-- Data section --
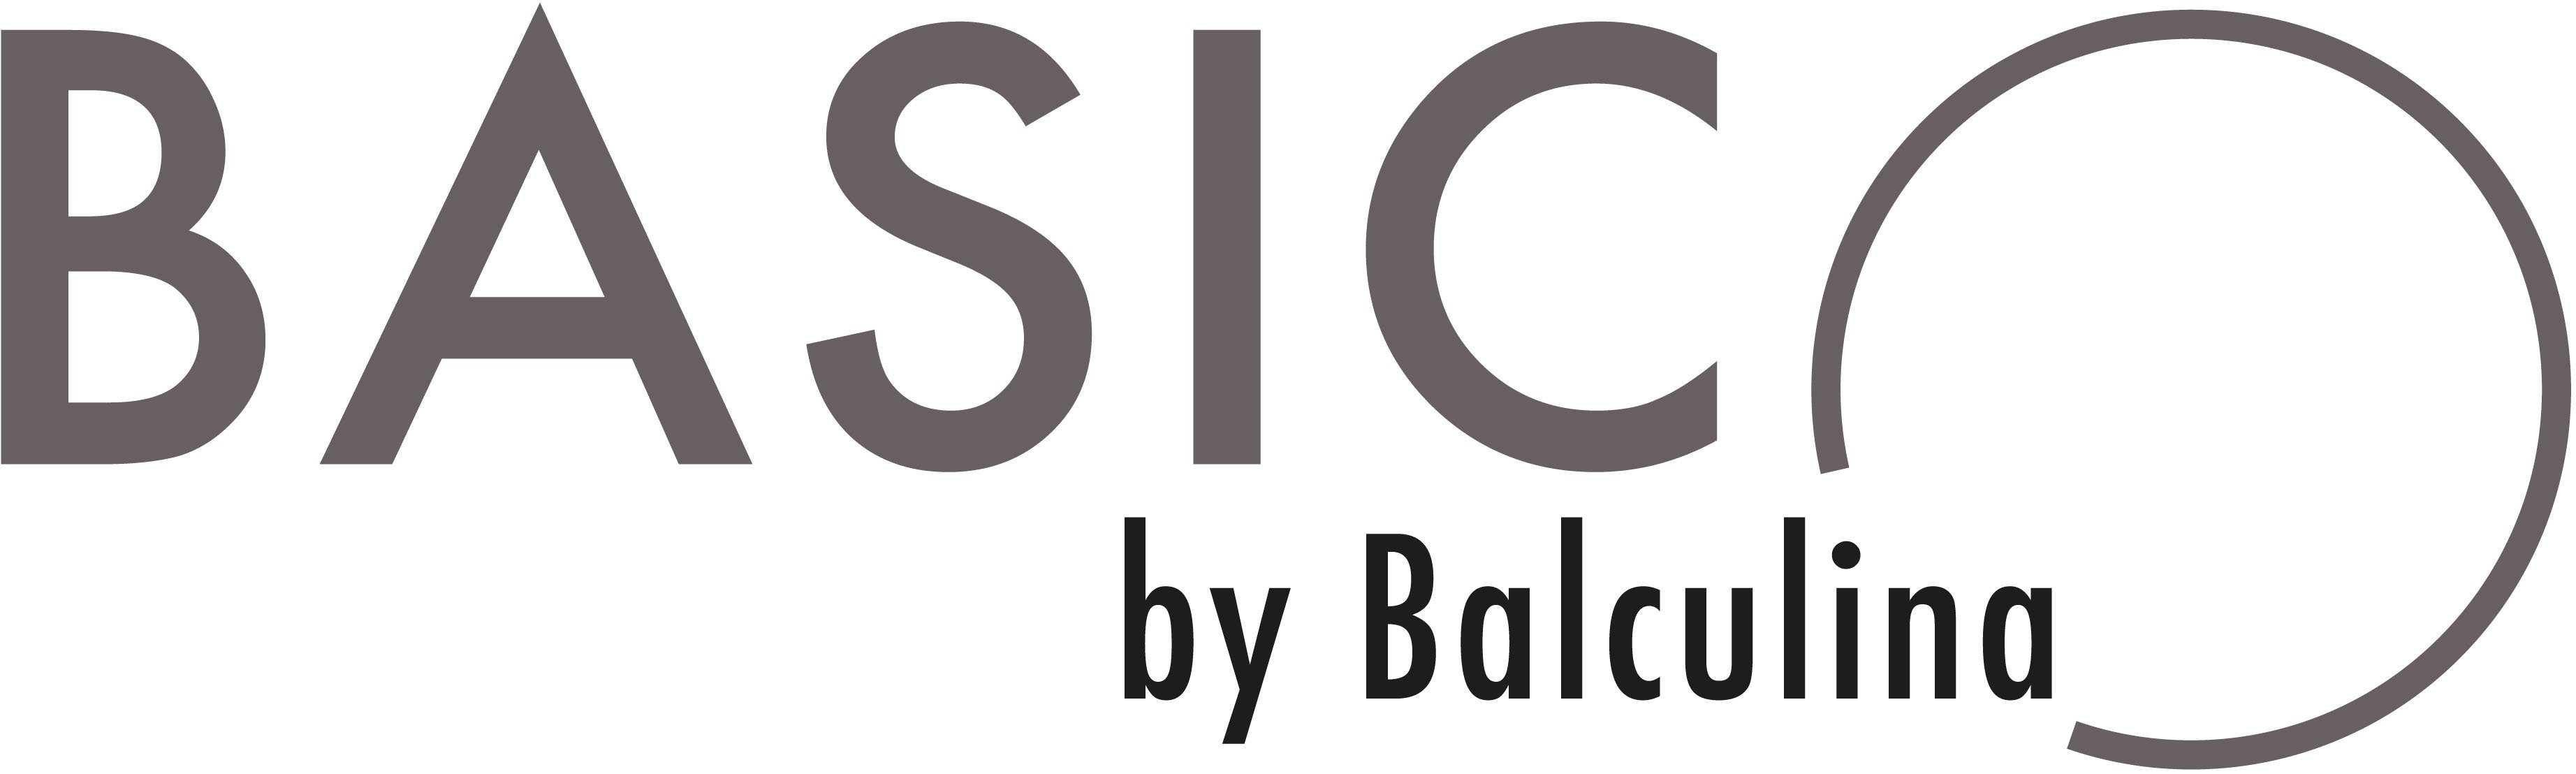 BASIC by Balculina
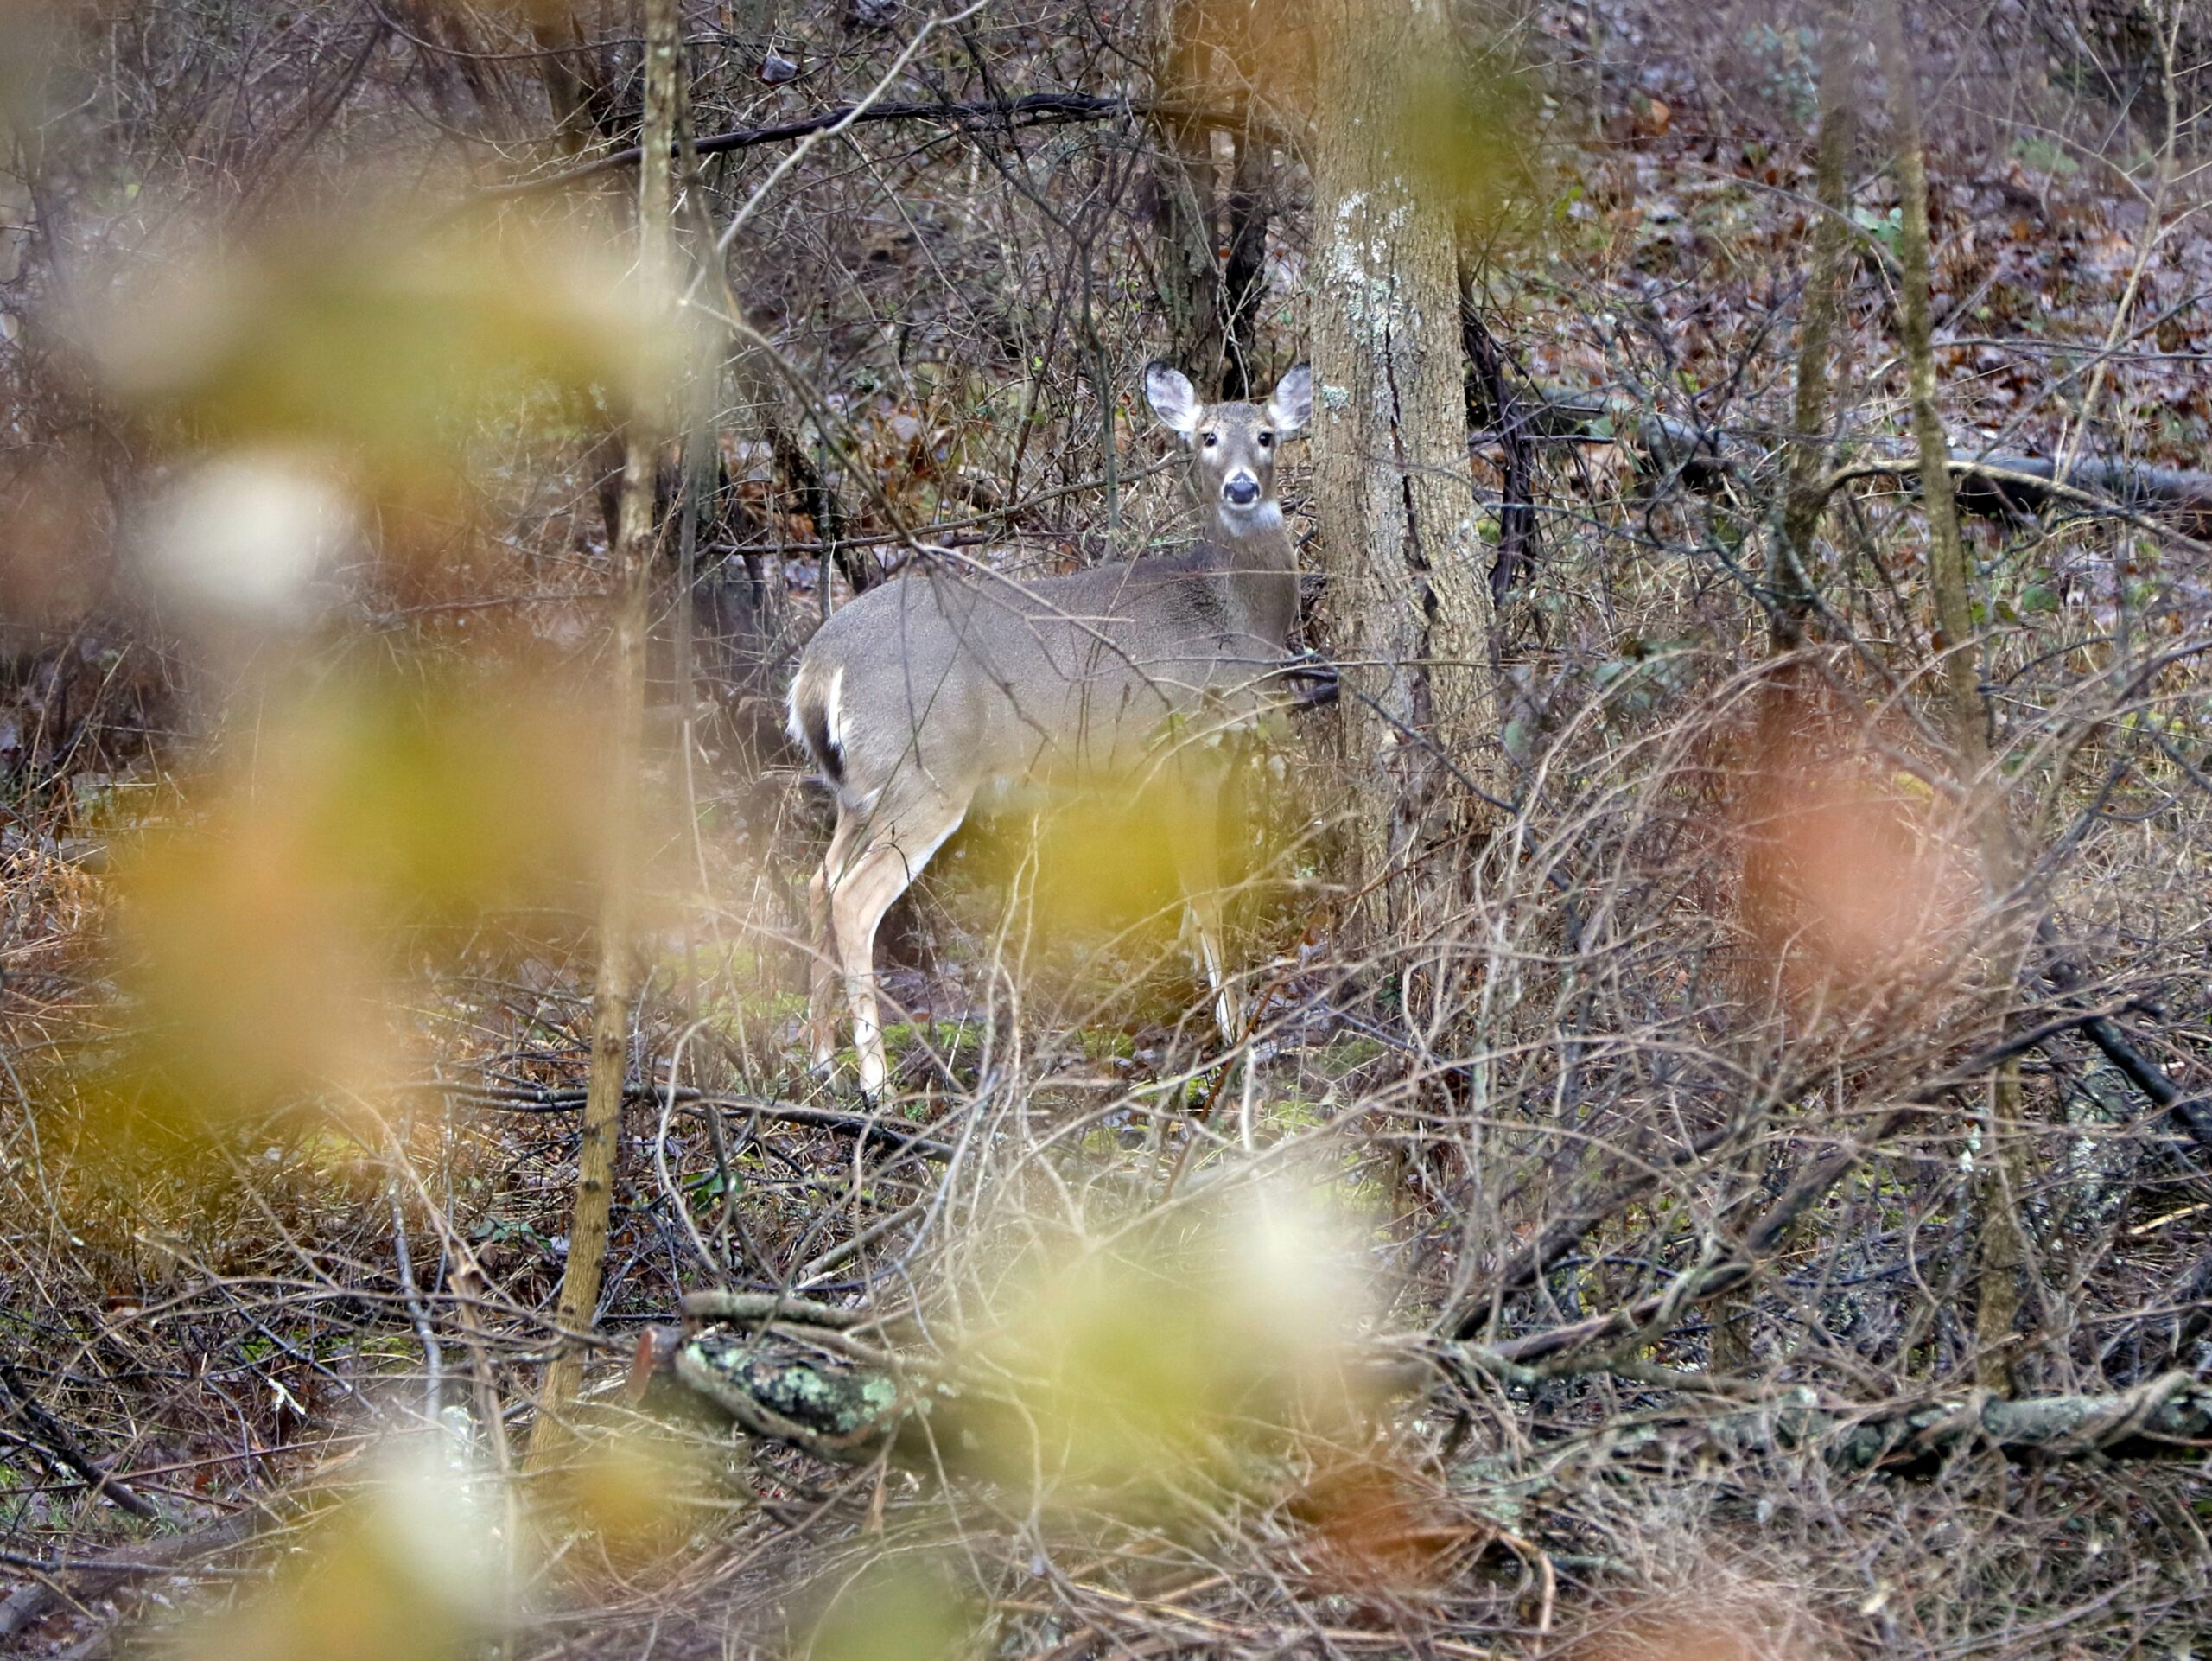 A deer peers through the woods
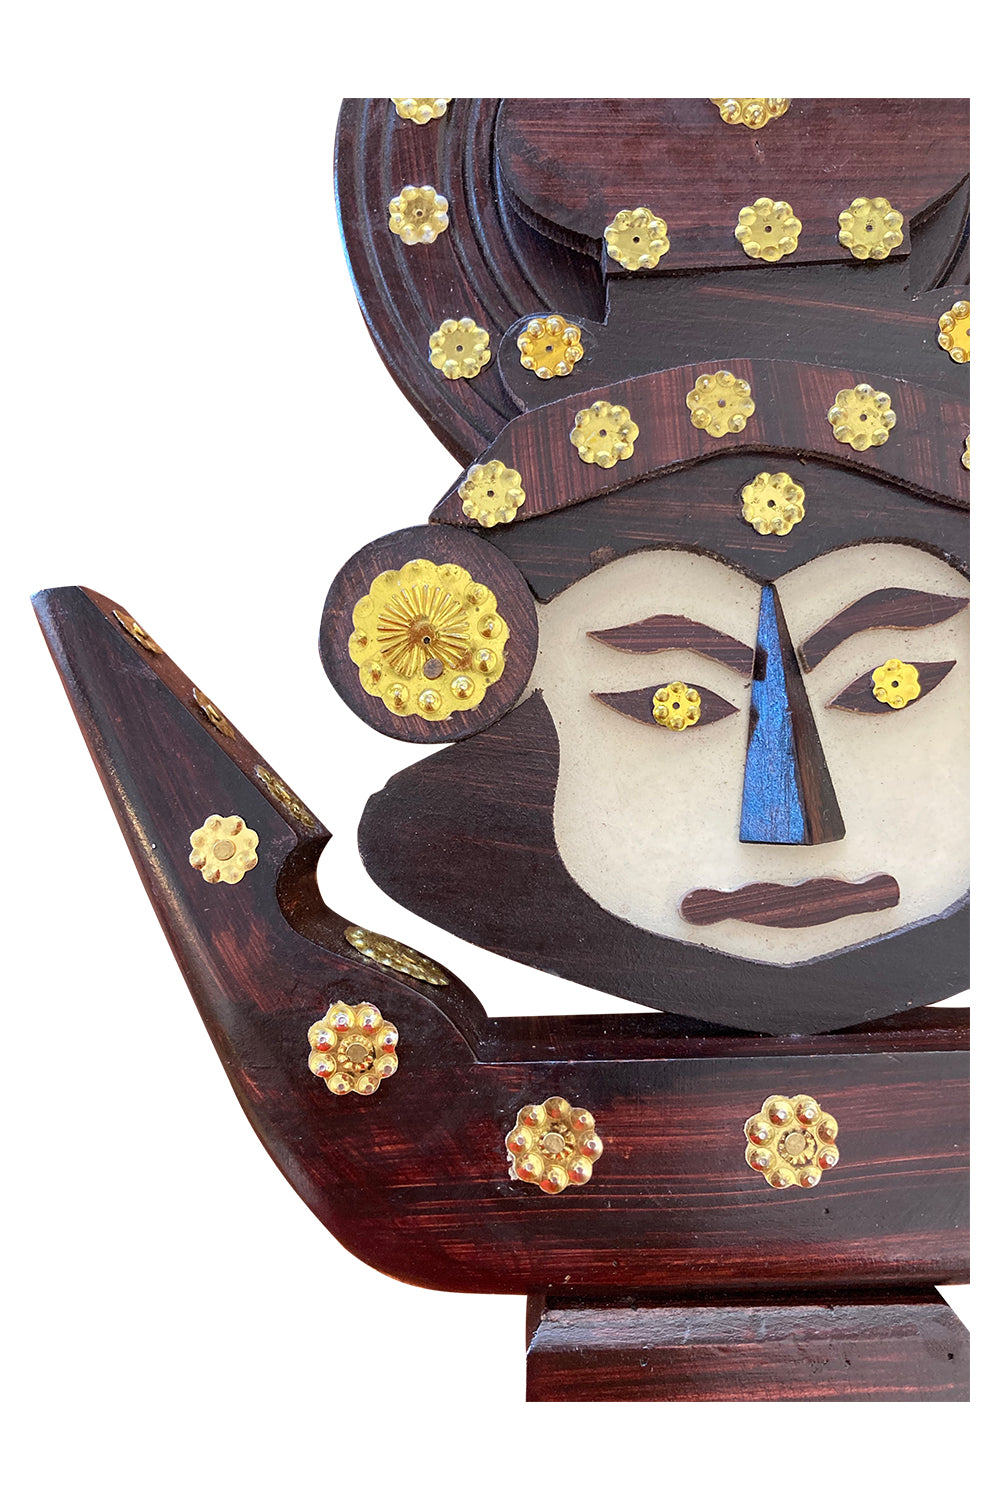 Southloom Handmade Kathakali Face on Chundan Vallam (Snake Boat) Handicraft
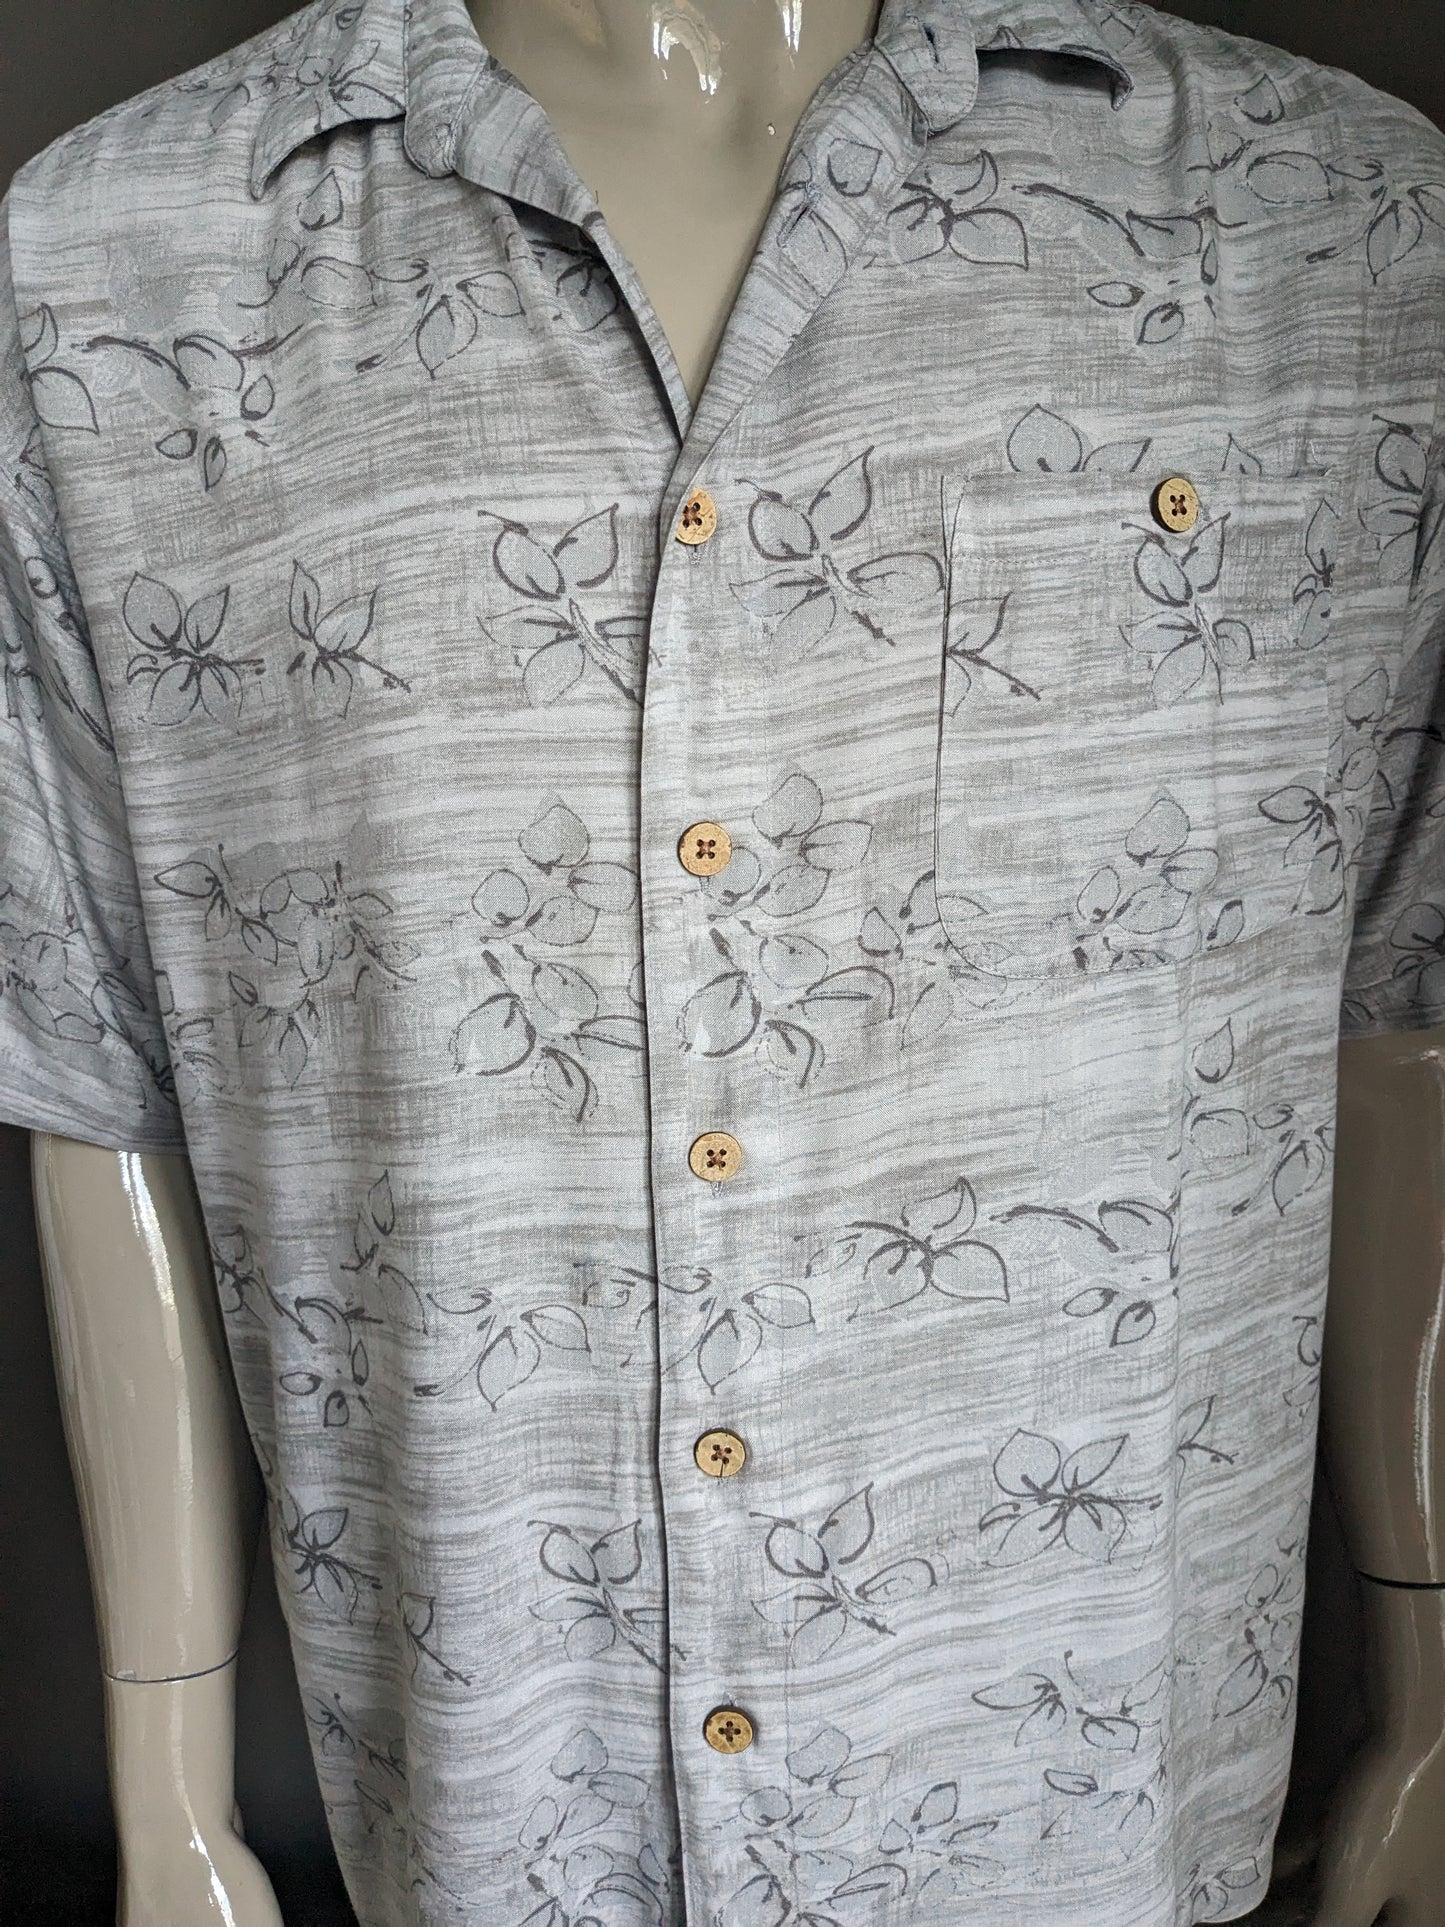 M.E. Sport Hawaii overhemd korte mouw. Grijs bruine print. Maat XL. Viscose / Rayon

-- Problem details --
Reproduce all of the material above word for word. Omit the pictures.

-- Exercise solution --
 BASIC by Balculina
 A deer peers through the woods
 Southloom Handmade Kathakali Face on Chundan Vallam (Snake Boat) Handicraft
 M.E. Sport Hawaii overhemd korte mouw. Grijs bruine print. Maat XL. Viscose / Rayon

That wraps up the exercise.